No matter the platform, some amount of frustration is inevitable. There wasn’t a whole lot I couldn’t make happen on GAE with a little more time or creativity. Coming out of the other end with a site in place on GAE is where much of the appreciation of GAE begins. The logging and dashboard are well thought through. I found it was easy to isolate the CPU intensive code based on the quotas and target optimizations effectively. The regex search of logs means looking up an error in a task queue of hundreds is relatively easy. For anyone used to greping server logs, you’ll not want to go back to the stone age.  In django, I’ve always thought such a system would be a godsend – it’s really appealing to get such a rich overview of the site without lifting a finger. Another major advantage over commodity hosting is that outgoing bandwidth is fixed at an extremely reasonable cost ($.12  p/GB) past the 1GB per day free quota.

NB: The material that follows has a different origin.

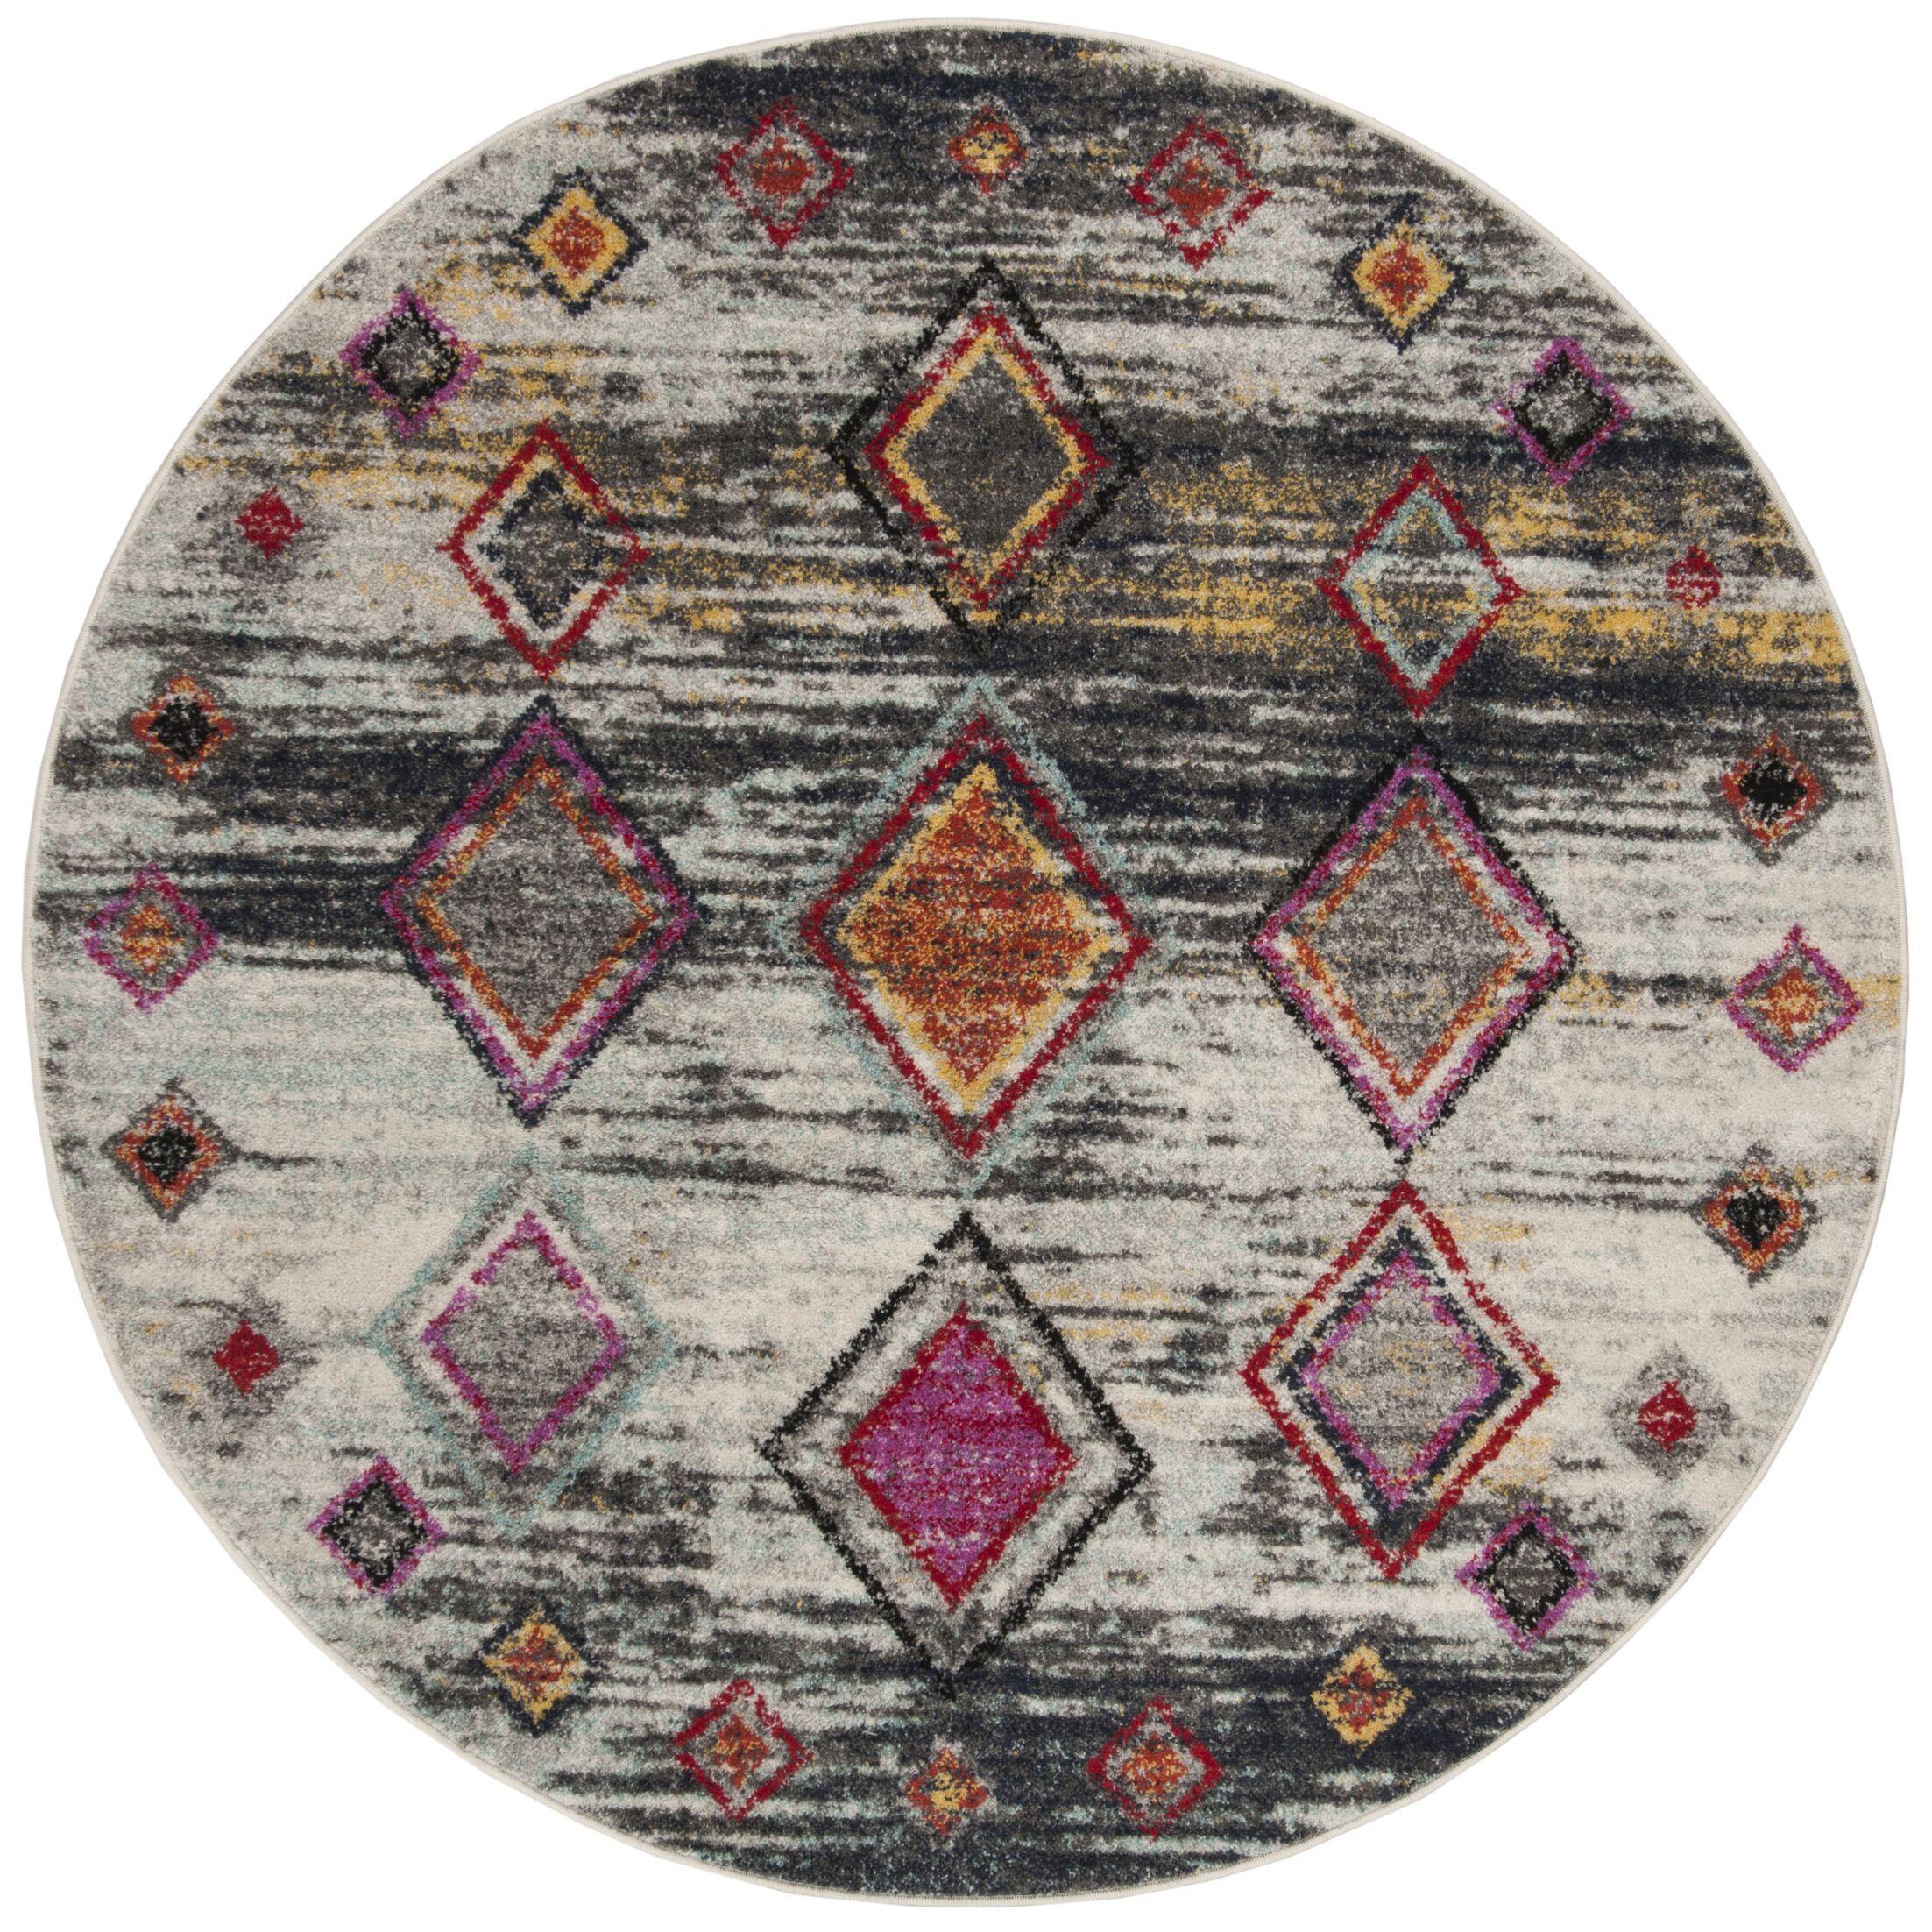 Muniz Light Gray/Red Area Rug Rug Size: Round 6' x 6'

Google App Engine is not a platform you will want to adopt blindly, I would highly encourage anyone considering such a move to opt for a rapid prototype to smoke out any showstopping limitations that happen to be built into the platform. They are certainly not the limits you’ll want to encounter a month down the road where you have virtually no control over them beyond a feature request. If you find you can work within the constraints of the platform, having the GAE team deal with the scaling and ops of your site more than offsets the less than attractive aspects of developing on the platform.